Tutto bello, però poi c’è il tema delle case popolari. A Milano non si parla d’altro che del problema casa. “Bisogna iniziare a pensare al tema della casa in senso olistico: non ci sono le case popolari da una parte e le case del mercato libero dall’altra. C’è l’offerta totale, che per le fasce più deboli è accessibile solo con l’edilizia popolare (Erp) oppure con l’edilizia a canone concordato (Ers). Lato Comune abbiamo messo a terra dal 2014 280 milioni di euro tra rifacimento degli appartamenti ed efficientamento energetico. Sono stati spesi quasi 70 milioni in manutenzioni ordinarie. In totale si parla di opere per 300 milioni, a carico di un ente locale: è moltissimo”. Ma quanto servirebbe? “Di più: 450 milioni di opere e 350 milioni per l’efficientamento energetico. Non c’è un ente locale in Italia che anche sui dieci anni possa mettere a terra 800 milioni di euro”. Quindi come se ne esce? “Ho letto con interesse sul Foglio il presidente di Federcasa Marco Buttieri. Prospettiva interessante che riconduce a una unica conclusione: serve un intervento governativo. Per tutta Italia la ristrutturazione ammonta a circa 20 miliardi e la realizzazione di nuovo patrimonio necessario circa 30 miliardi di euro. In circa 10 anni la spesa sarebbe sostenibile, e mitigabile grazie a finanziamenti Bei. Ma bisognerebbe andare oltre. Perché il sistema Erp non può essere indipendente dal sistema Ers, al fine di unificare il concetto di ‘affordable housing’. In pratica una stessa famiglia che abita in una casa popolare, all’aumentare del suo reddito può rimanere dove è adeguando però la locazione, che può diventare un canone concordato, oppure ridiscendere a un affitto popolare.

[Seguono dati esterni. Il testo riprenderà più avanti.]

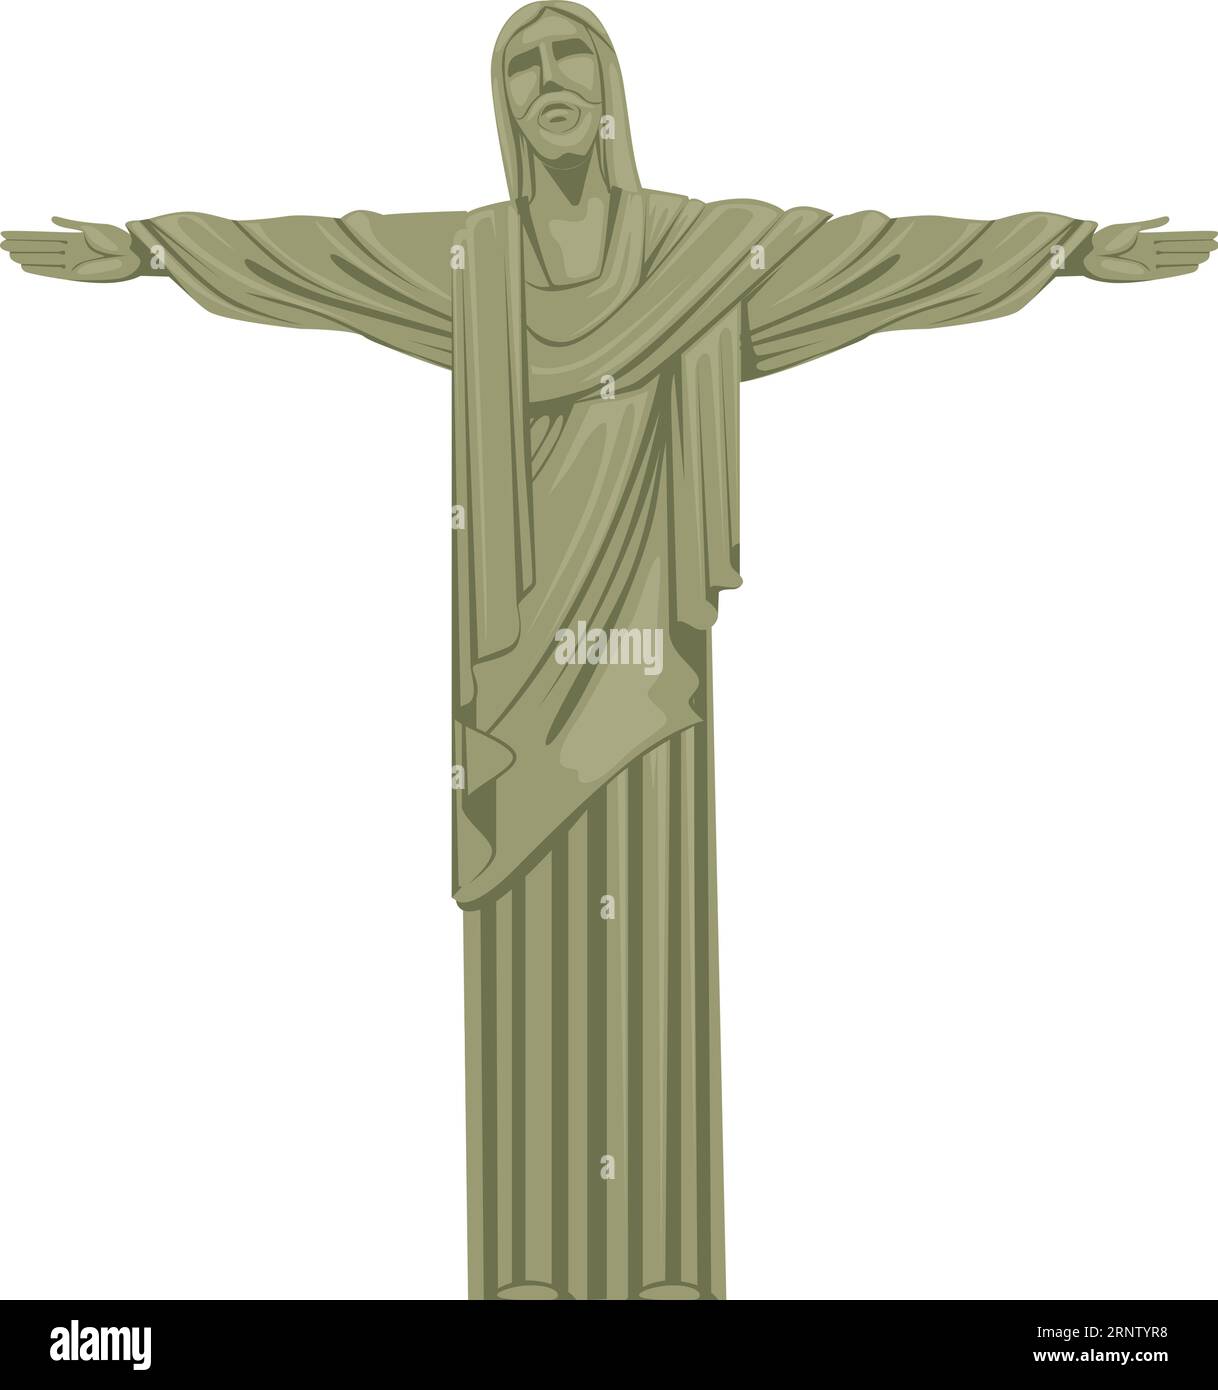 Jesus Christ statue. Brazilian travel landmark cartoon icon Stock Vector

Insomma, il concetto di affordable housing adatta l’affitto al reddito di chi ci abita”. Il piano casa del Comune di Milano di Guido Bardelli va in questo senso? “Io credo che vada nella direzione giusta perché risponde a un’esigenza reale e fondata della città che è quella di dare una casa a prezzi accessibili a una serie di categorie che altrimenti, per dinamiche anche naturali di una città che diventa grande, oggettivamente ha problemi a reperire disponibilità sul mercato normale. E’ un approccio assolutamente europeo”. Ma perché aumentare le case popolari se ci si lamenta sempre dello sfitto? “Chiariamo. Lo sfitto reale di MM è al 8.5 per cento per cento, e la volontà del Comune è di azzerarlo. E per quanto riguarda l’abusivismo, MM l’ha ridotto del 70 per cento, da 1.750 di fine 2014 a 470 alloggi occupati una settimana fa”. Molto lavoro sulle case popolari, che cosa ricava da questa esperienza? “Oltre a colleghi eccezionali penso sempre a due cose. La prima: il contatto con le persone delle case popolari. Penso alle chiamate per questa o quella segnalazione da parte di inquilini e comitati. La seconda: la consapevolezza di aver offerto un piccolo contribuito a risolvere concretamente alcuni problemi della mia città. La soddisfazione è una sola: poter dire, certe volte, di aver trovato una soluzione”.